Volume 15 Number 64
                       Produced: Sun Oct  9 11:22:39 1994

Subjects Discussed In This Issue: 

Creation and Evolution
         [Stan Tenen]


From: Stan Tenen <meru1@...>
Date: Thu, 6 Oct 1994 18:32:44 -0700
Subject: Creation and Evolution

In M-J Vol. 15 #52 David Neustadter asks a few questions about my 
previous posting.  (I don't have the file on my computer, so I will 
paraphrase his questions before I try to answer them.)

Where am I coming from?

I have a rusty B.S. (Physics) 1963 from what was then Brooklyn Polytech.  
I have no Yeshiva training and I cannot read or use the Hebrew language 
(or any language other than English) with any fluidity.  I am not 
familiar with Talmudic and Rabbinic language either.

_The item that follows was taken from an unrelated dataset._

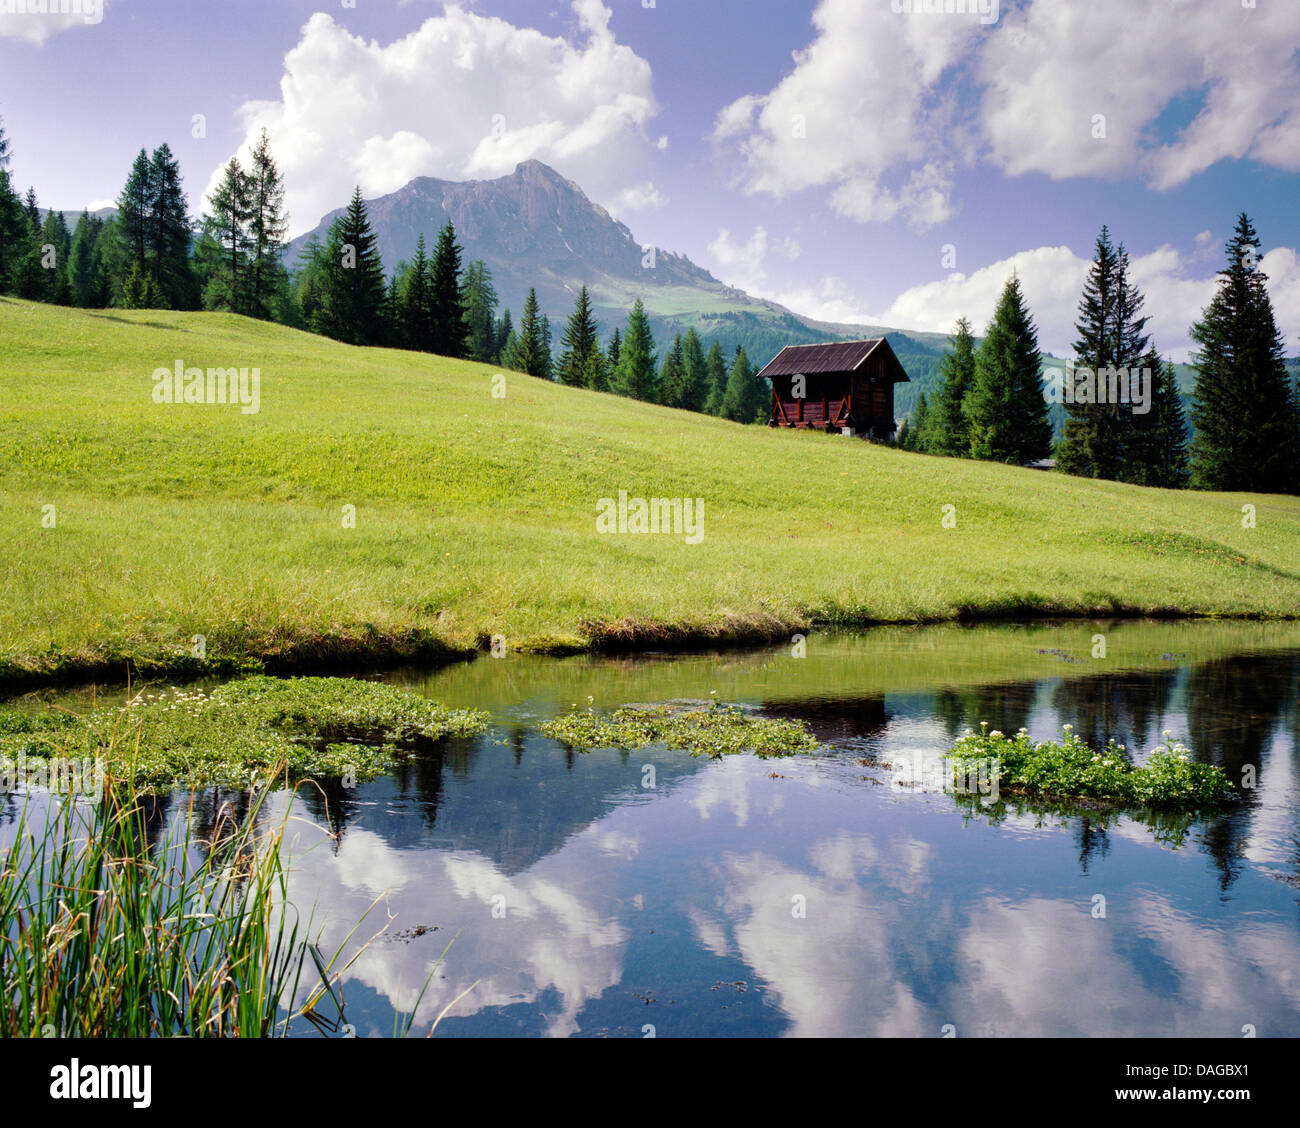 Alpage et cabane en bois dans le parc naturel de l'Puetz-Geisler, Italie, Dolomites Tyrol du Sud, Banque D'Images

In 1967 while visiting Jerusalem for the first time, I had an unusual 
experience at the Western Wall - which drew my attention, for the first 
time since my bar mitzvah, to Judaism.  In 1968 I was drawn to examine 
the beginning verses of B'Reshit.  Since I could not read the words, my 
eyes fell on the letters.  (I did manage to learn to read the Hebrew 
LETTERS during several years of attending the evening Hebrew school at 
Pri Etz Chaim on Ocean Avenue near Avenue U in Brooklyn prior to my bar 
mitzvah, but I had had no connection with Judaism in the intervening 

When I did this, I was dumbstruck.  The reason I studied physics was 
because I have always had an acute visual pattern recognition ability, 
and I have always been good at visualizing (and working with) geometric 
forms - thus also, my interest in mathematics.  When I looked at the 
beginning verses of B'Reshit, my intuition screamed that there was a 
pattern to the sequence of letters. 

 From 1968 until we moved to the San Francisco area in 1978 I read just 
about every book I could find on B'Reshit, the alphabet, "mysticism", 
and "cosmology."  I read scholarly materials, both academic and 
"kosher", occult, Rosecrucian, Masonic, eastern, western, Christian, 
Moslem, Mithraic, Zoroastrian, Hindu, Buddhist, etc., flying saucer 
theories (Sitchen, et. al.), "channeled" material - even Joseph Campbell 
<grin>, etc. etc. - about 3000 volumes in all (ranging from pamphlets to 
scholarly tomes).  I also drew up a list of criteria by which I could 
recognize real patterns from fantasy.  I understood from the start that 
the potential implications of this required that I stick to a strict 
scientific method, or no matter what I found, no intelligent person 
would look at it or believe it was so.

Slowly (very slowly) and with many false starts I began to be able to 
sort sense from nonsense.  - And, subsequently, of course, I began to 
drift towards the quality materials and away from the junk.  (There is a 
lot more junk than quality out there.)

In 1983, with the help of friends with similar interests, we formed Meru 
Foundation, a 501(c)(3) non-profit, to, hopefully, fund an ongoing 
investigation of B'Reshit and the alphabet. (We have been all too 
"successful" at the "NON-profit" aspect. <grin>)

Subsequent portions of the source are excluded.